В лагерь заявились три проститутки. Незадолго до того стемнело, и часовой чуть не застрелил их, пока не сообразил, в чем дело. Они были мексиканки, скорее испанской, чем индейской крови, в возрасте от тридцати пяти до пятидесяти лет, толстые, с тупыми лицами и отвисшими грудями. Их длинные волосы, заплетенные в косы, были жирными и пыльными. При них был тощий высокий сутенер с усами в ниточку, в костюме, который был ему на размер мал: рукава коротки, пиджак, застегнутый на все пуговицы, так и трещал у него на груди. Туалет дополнял перекошенный галстук-бабочка, а в петлице болтались видавшие виды часы. Приближаясь к часовому, он непрестанно улыбался, держа в руке шляпу, указывал на шлюх и что-то бормотал о них. Часовой вскинул ружье и велел им остановиться. При свете костров, горевших позади него, он видел гостей достаточно отчетливо. Часовой переводил взгляд с женщин на сутенера, а потом снова на женщин; сутенер был скорее похож на гробовщика, а шлюхи, бессмысленно озиравшиеся по сторонам, казались просто случайными деревенскими бабами, которых он прихватил с собой. Они были одеты в бесформенные ситцевые платья, с нитками ярких бус на шеях. Тем не менее, часовой покачал головой и позвал подмогу.

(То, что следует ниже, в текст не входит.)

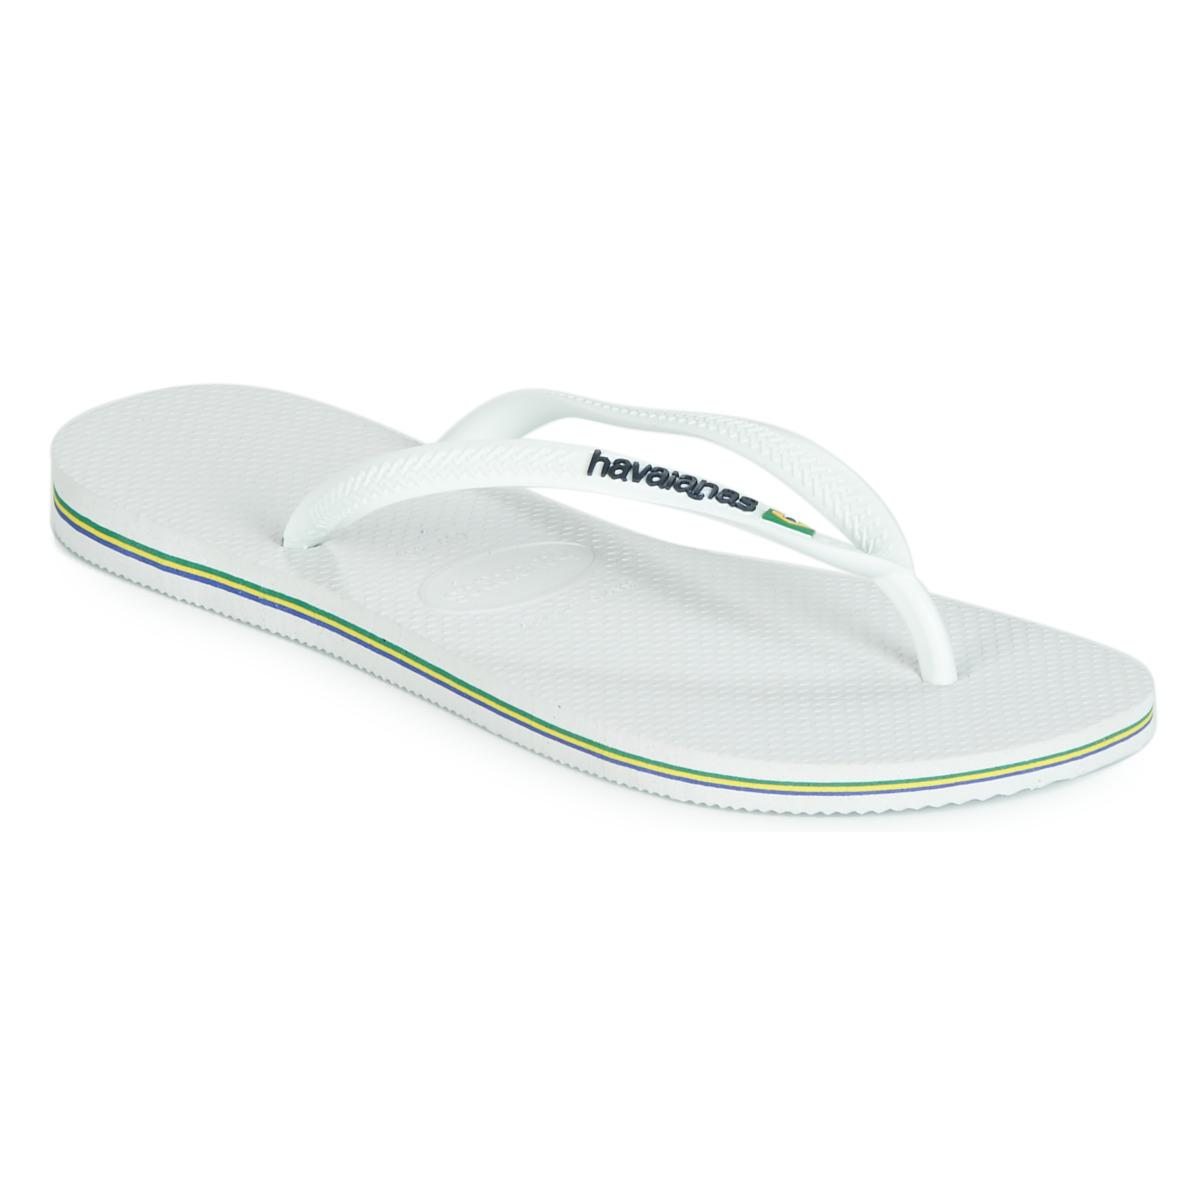 e838683d144a Havaianas Slim Brasil Logo Flip Flops   Sandals (shoes) in White - Lyst

На его крик пришли двое солдат, потом подоспел сержант. Сержант правильно оценил обстановку. Он пошел на поиски майора, но не нашел его, тогда он подумал, что майор все прекрасно поймет, и принял решение. Солдаты были уже готовы, это ясно: они с каждым днем все больше говорили об этом, иногда даже дрались, подолгу засматривались на крестьянок. Проходя мимо, женщины часто ускоряли шаг, задирали юбки и брызгали грязью, чтобы отразить то, что ясно считали попыткой изнасилования; солдаты злились и ругались. Они, может быть, еще не дошли до мысли об изнасилованиях, но если бы не политика и не запрет общаться с местным населением, они давно уже нашли бы дорожку и к женщинам, и к вину в ближайших поселках; а поскольку у них не было ничего, чтобы развеять скуку, их нервы были на пределе. Строго говоря, это было потакание их слабости, и сержант не должен был так поступать. Но, с другой стороны, почему бы не уступить? Пусть они все время опасаются попасть в какую-нибудь западню, пусть майор, как кажется, склонен повернуть обратно… Ну а в этом сержант не видел никакого вреда.

— Вон за теми валунами, — сказал он сутенеру. — Плата не больше пяти песо или какая-нибудь еда. И под охраной вооруженных часовых.

Сутенер, все еще улыбаясь, чуть не присел в реверансе. Он повернулся к шлюхам и затараторил, обращаясь к ним и показывая на камни. Они пожали плечами и двинулись за ним.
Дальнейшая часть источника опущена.